Ellicott was soon joined by Minor and the two officials spent a total of 28 days at their observatory in Jackson County, conducting astronomical observations to determine what they believed to be the precise location of the 31st parallel. In the process, they also recorded the first known weather observations in the history of Jackson County.
On July 28, 1799, for example, Ellicott noted that the day was “cloudy with rain all day” and that the temperature began at 82 degrees in the morning, but fell to 80 degrees at 10 a.m. On August 20th he reported that the morning began “remarkably fine and clear, wind from the east,” but that a severe storm blew up at around 9 a.m. At 1 p.m. he reported a “gust of rain accompanied by large hail stones from the S.W.”
The observatory was abandoned on August 23rd and the surveyors moved down to the present site of Chattahoochee in Gadsden County where they continued their work. Their Jackson County observatory, however, was the first known such scientific establishment in Florida.
The site, located on the Chattahoochee River just north of Neal’s Landing, is now overgrown and forgotten, with nothing more than one of Ellicott’s mounds remaining to mark this landmark event in the history of Jackson County, Florida, the United States and Spain.

Sunday, June 22, 2008

Location of Webbville


I received a question from a reader who was curious to know the location of the Jackson County "ghost town" of Webbville.
Webbville was a prominent community during the 1820s and rivaled Marianna for the title of county seat. In fact, the U.S. Congress actually designated Webbville as the official county seat of Jackson County. The Florida Territorial Legislature threatened to fine any public official that did not conduct business from the courthouse in Marianna, however, and all of the county's officials moved to that location. Webbville, however, still remains the congressionally designated county seat.
Nothing remains of the town today. The site was located near the intersection of Highway 73 and U.S. 231. Union Road leads north off Highway 73 near the intersection. This dirt road (Union Road) was the old Campbellton Road that connected Marianna, Webbville and Campbellton. The Webbville site is located on the hill between Highway 73 and Russ Mill Creek. Union Road crosses directly through the site.

Thursday, June 5, 2008

Lake Seminole History, Part Eleven


Continuing our look at historic sites around Lake Seminole, we have more today on Camp Recovery.
This site is located in Decatur County, Georgia, about thirty minutes or so from Sneads.
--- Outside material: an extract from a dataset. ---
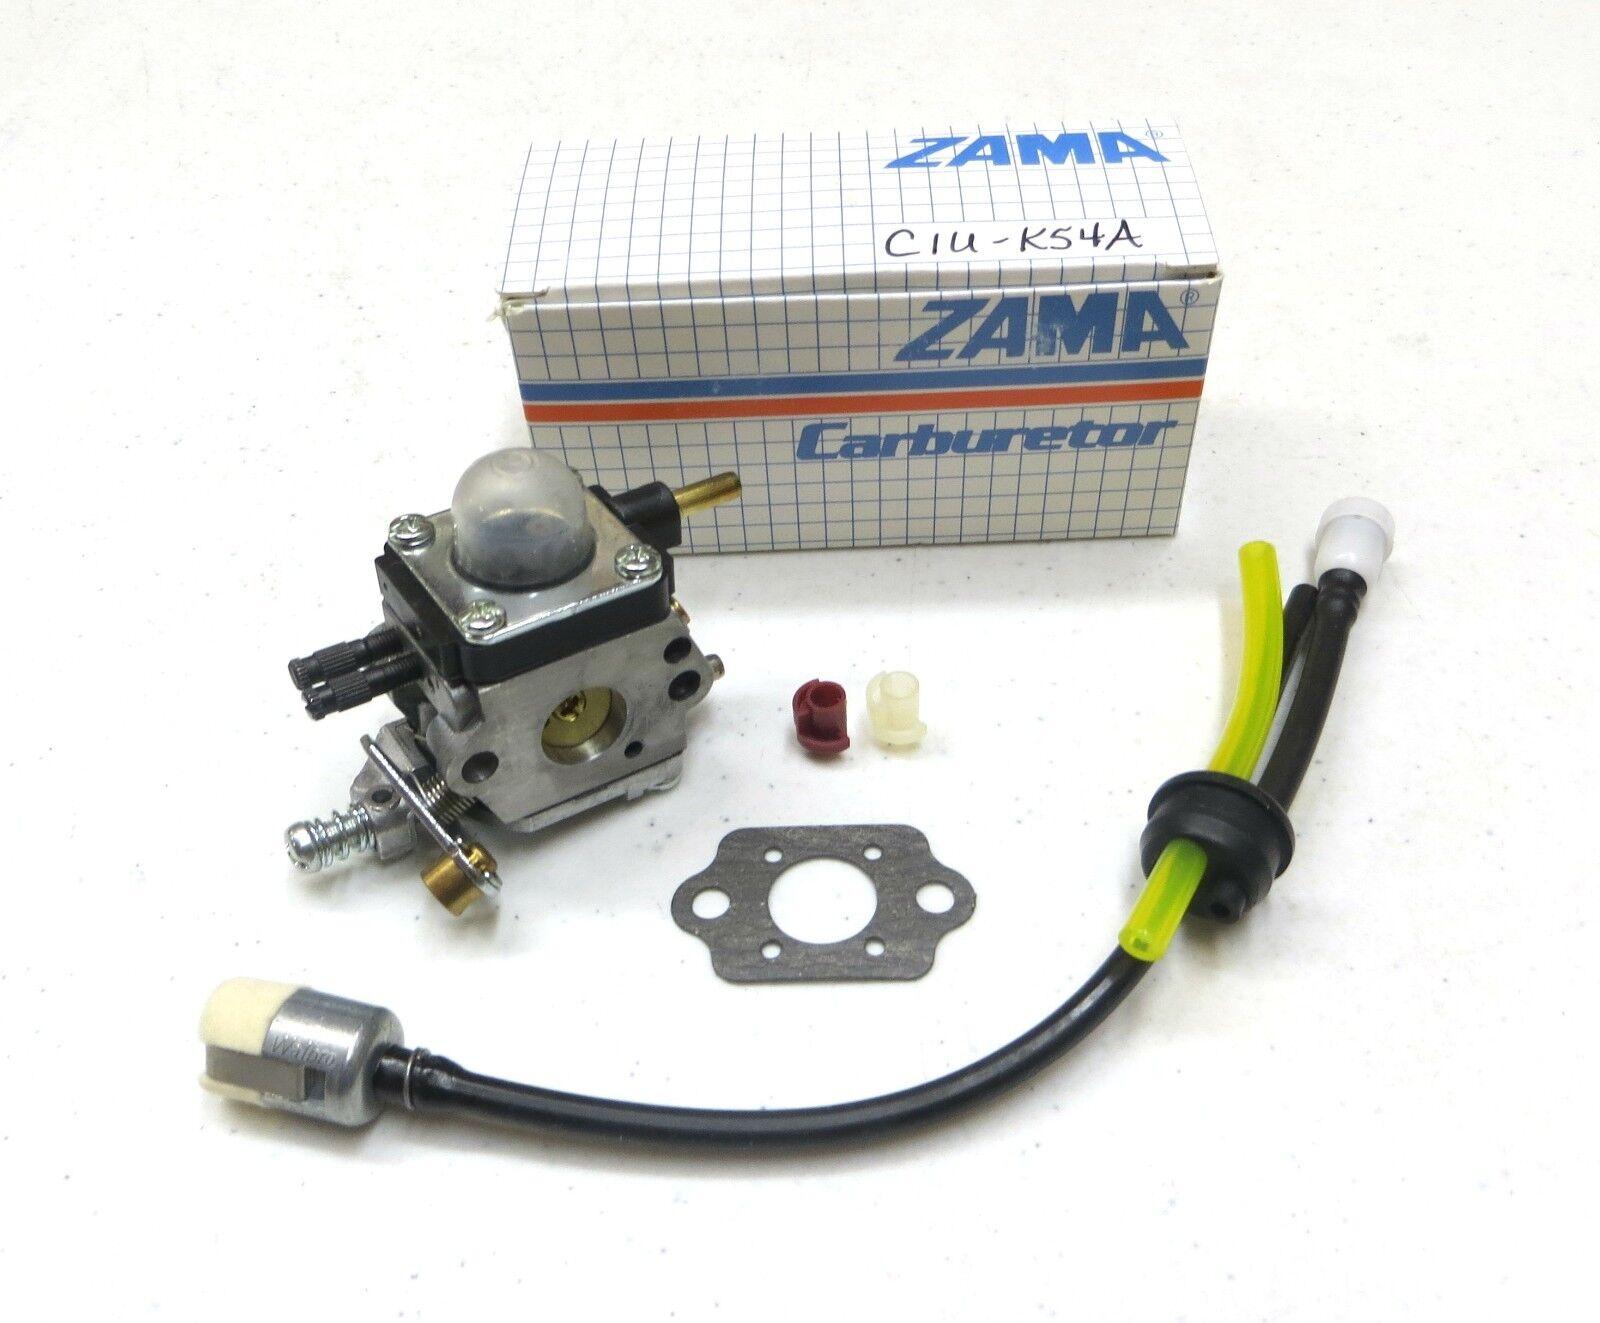 Zama CocheBURADOR & línea de combustible Kit Mantis Hijuelos ECHO sv-5h   2 sv-6 sv-6   1 Motor

To reach the site, just go across the river to Chattahoochee and turn left at the light as you arrive in town. Follow Booster Club Road up into the Lake Seminole area and then veer right instead of going straight into the Booster Club Park area (if you are familiar with the lake, you will recognize this as the road to Wingate's Landing). The camp site is a few miles ahead on the right.
A historic marker and memorial archway stand by the entrance on the highway. From there it is a short walk up the lane to the cemetery site, which is accessed by a small gatehouse. The monument erected by the U.S. Government during the 1880s can be seen there.